Dicen que no se podría entender y que no debe aceptarse como imposible el nivel de impunidad y corrupción de la mafia sin la complicidad de los gobiernos de todos los niveles (García Luna, gobernadores, José Luis Abarca y un largo etcétera). Nadie con un elemental y mínimo sentido común creería que las instituciones y los servidores públicos ignoraban el poder y nivel de penetración de la delincuencia en la vida nacional… si lo sabían y no hicieron nada, qué mal, y no lo sabían, peor.
La base social de la mafia, en algunos lugares de nuestra república, supera en mucho la confianza del pueblo hacia sus autoridades. Mientras el sistema se negaba a proporcionar los servicios a las colonias y comunidades y en el día del niño o día de la madre regalaba baratijas, los jefes entregaban costosos productos a la población y todo, ante la mirada de los que se supone, deberían estar para servir al pueblo. Paradójico: el pueblo que debió ser el patrón del poder civil, terminó siendo víctima lo mismo de los capos que de los gobernantes.
El poder de los cárteles en enorme y tiene influencia en absolutamente todo el sistema económico, financiero y productivo del país. Todos los sectores están tocados por este mal y de ahí es que su combate o erradicación sea un sueño o un imposible. La capacidad financiera de los cárteles lo puede todo: lo mismo comprar jueces y otros funcionarios del poder judicial, que adquirir enormes mansiones, tecnología, armamento y hasta controlar la economía de extensas regiones de México y del extranjero.
Estudios internacionales poco difundidos señalan que su presencia es omnipresente e intimida, destruye, asesina, provoca dolor y muerte. Ya nadie está a salvo de sus intereses, de su expansión, de su poder, de su saña y sed de sangre y muerte. Dicen que la sociedad está prácticamente a su merced y que cubren hasta el último rincón del país. Pareciera un mal deseo, un análisis equivocado, un dato alarmista o declaraciones producto de la mala fe… pero…

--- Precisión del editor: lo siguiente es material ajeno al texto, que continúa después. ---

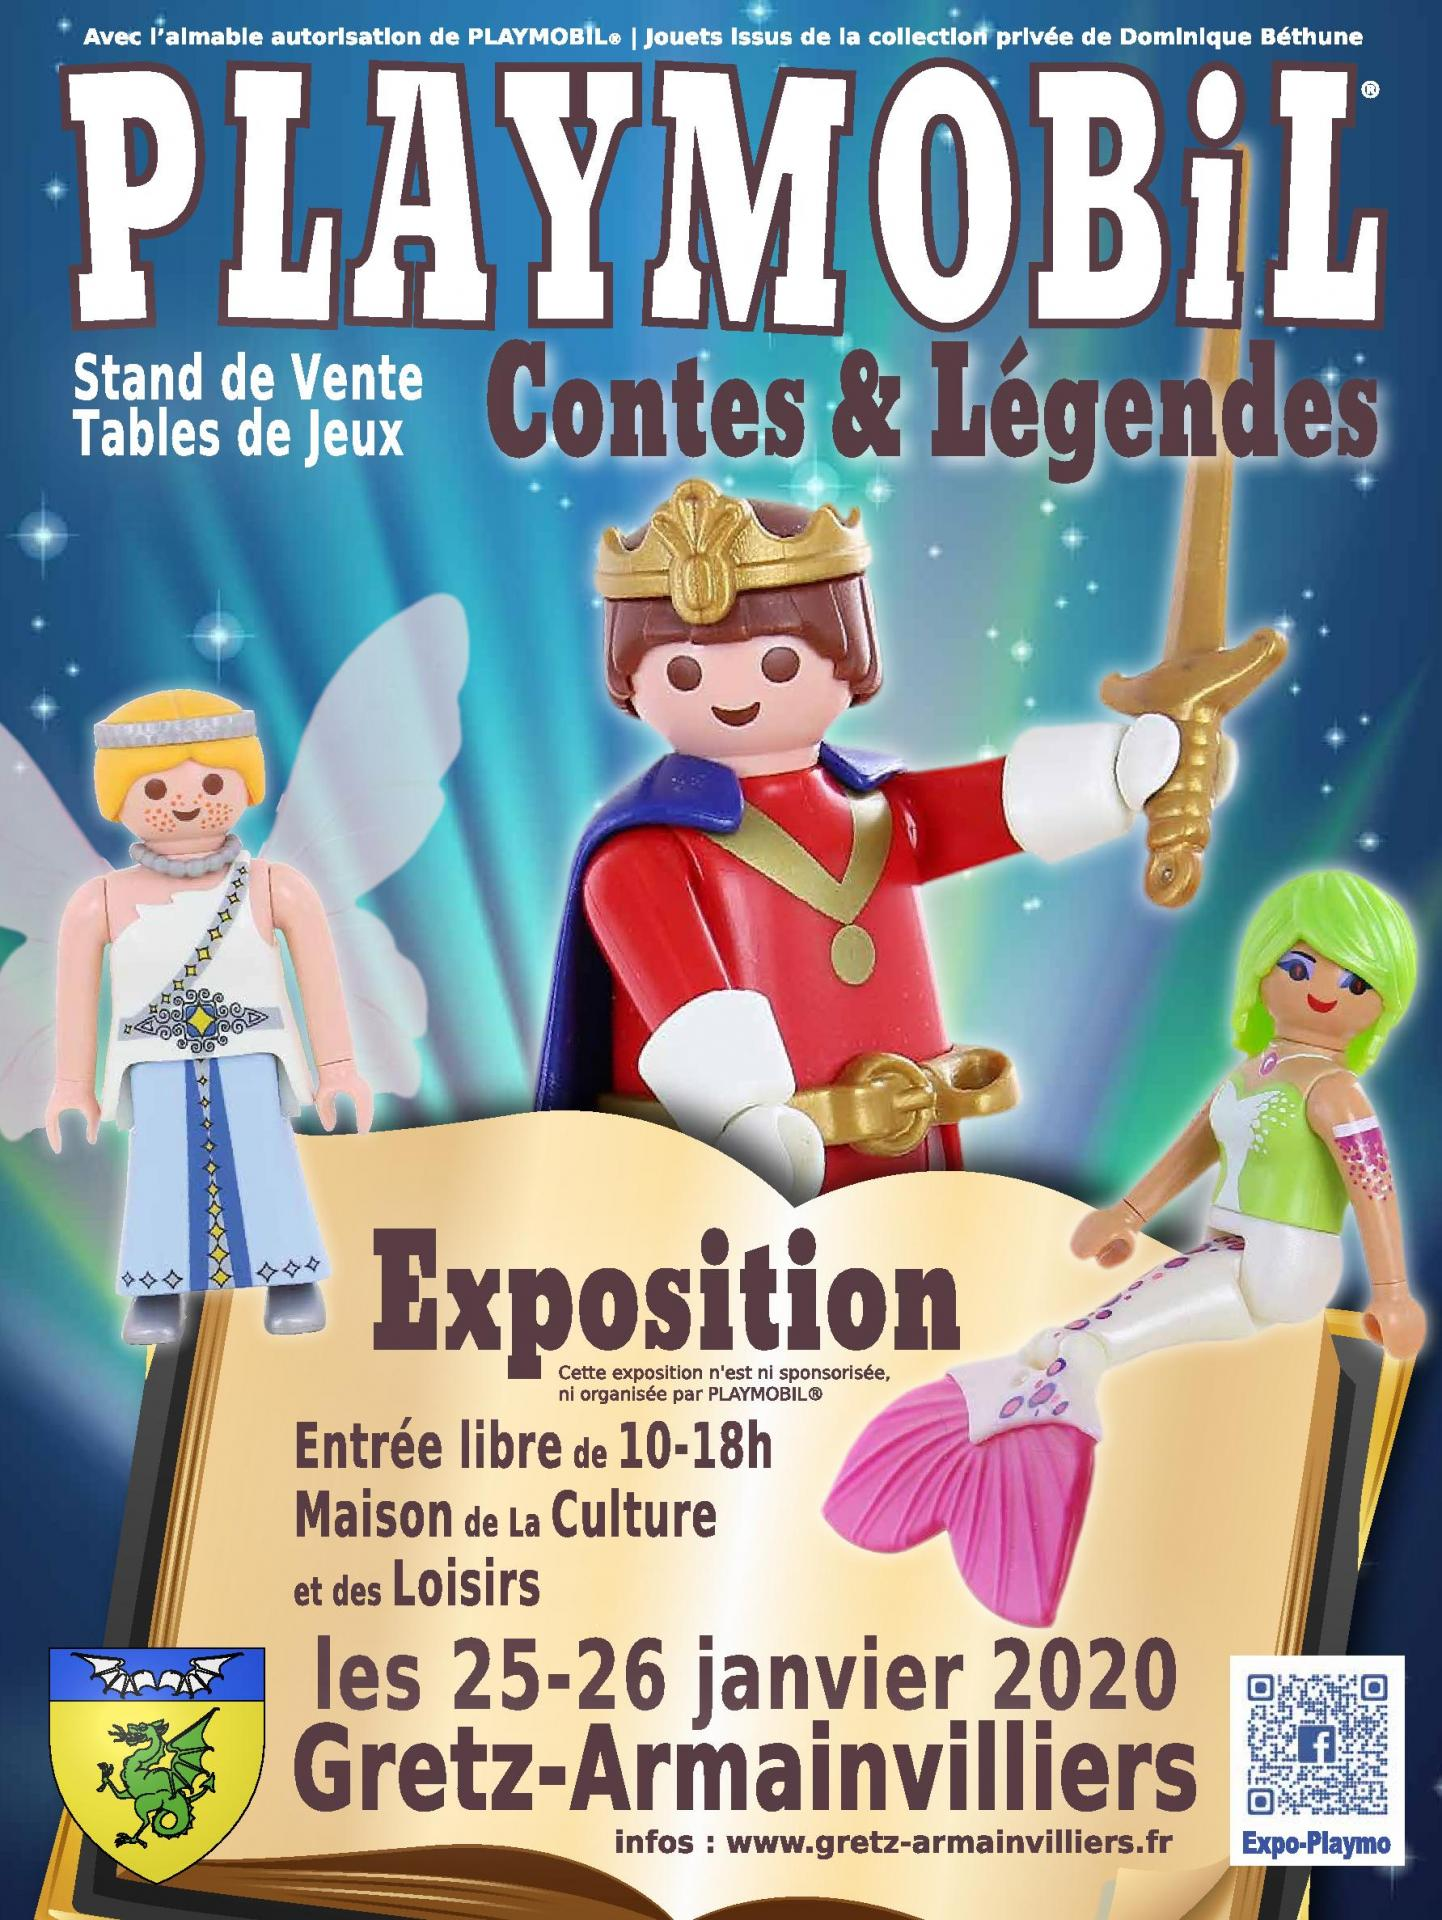 Affiche exposition playmobil gretz armainvilliers 2020 dominique bethune page 001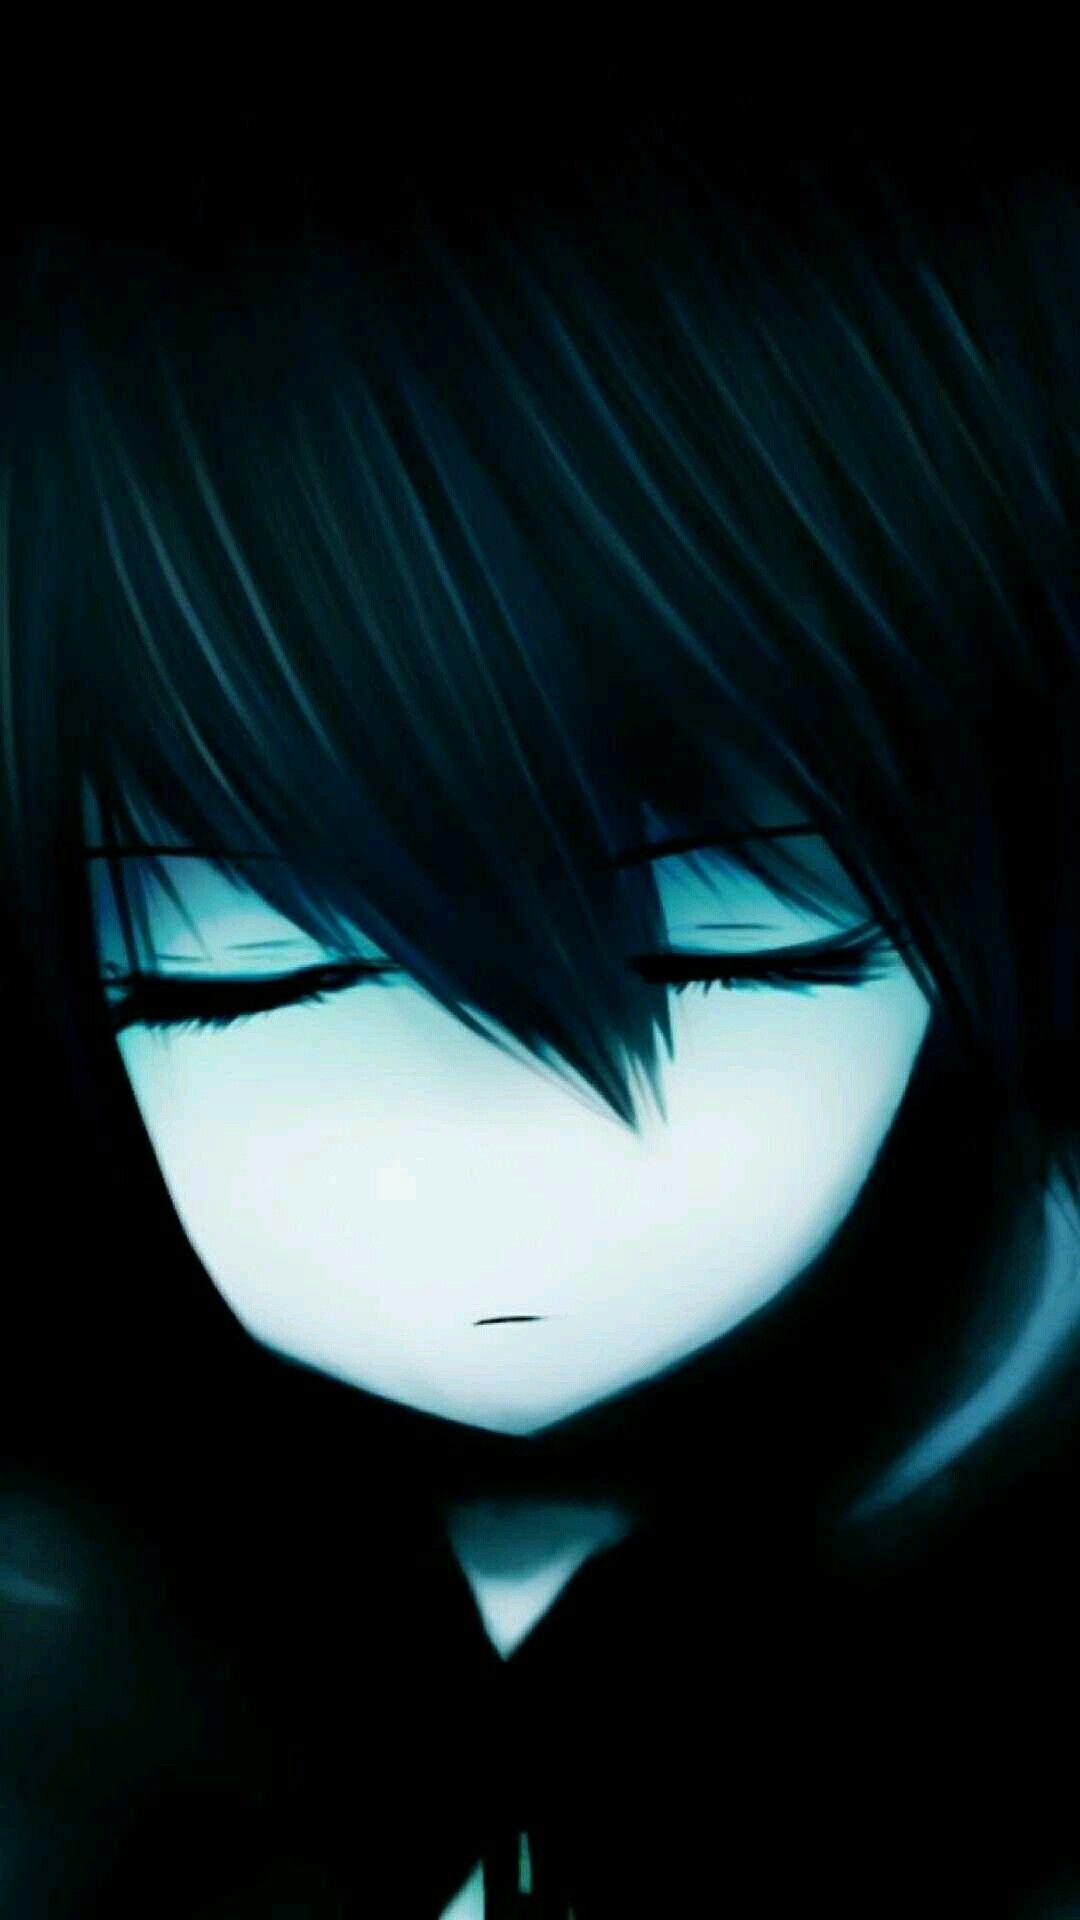 Pin On Soledad Oscuridad Anime Descargar wallpaper de anime

Ahora que, para ser justos o para encontrarle otra explicación o justificación a la realidad nacional en materia de inseguridad, debemos aceptar que los mexicanos hemos caído en una alarmante apatía que raya en la complicidad. No hay una sociedad organizada que exija resultados de paz al gobierno y no la hay para crear estrategias de defensa individual o colectiva.
La población podría, debería o tendría derecho a organizarse para enfrentar al propio sistema que ante su incapacidad o tal vez ante su complicidad, considera a las autodefensas como grupos fuera de la ley y de esa manera impide que la sociedad participe en defender sus intereses, vida y familia. La ineficiencia e ineficacia de las policías se suma a la corrupción en el sistema judicial nacional dando como resultado el colapso de una sociedad que sucumbe ante la violencia y las drogas.
El poder hace hasta lo imposible porque la sociedad sea parte de la construcción de la paz y para que colabore en su propia seguridad y para eso desarma a la población con el argumento de que un arma en la casa es un riesgo. Eso también es cierto, pero deja en la indefensión a una familia que, en un momento dado, pudo contar con un elemento para defender su vida y la de sus seres queridos.
La indiferencia de la sociedad es tal que, aunque sabe dónde se vende droga, donde se oculta el producto del robo y hasta quiénes son los malos, guarda silencio incluso por seguridad propia. A la gente se le están haciendo normales las ejecuciones, las balaceras, los ajustes de cuentas y ya les es normal el ulular de las sirenas y el tétrico ruido de las armas. La violencia y, desde luego, la solución o parte del remedio es asunto de todos, pero a esos todos pareciera que no nos importa.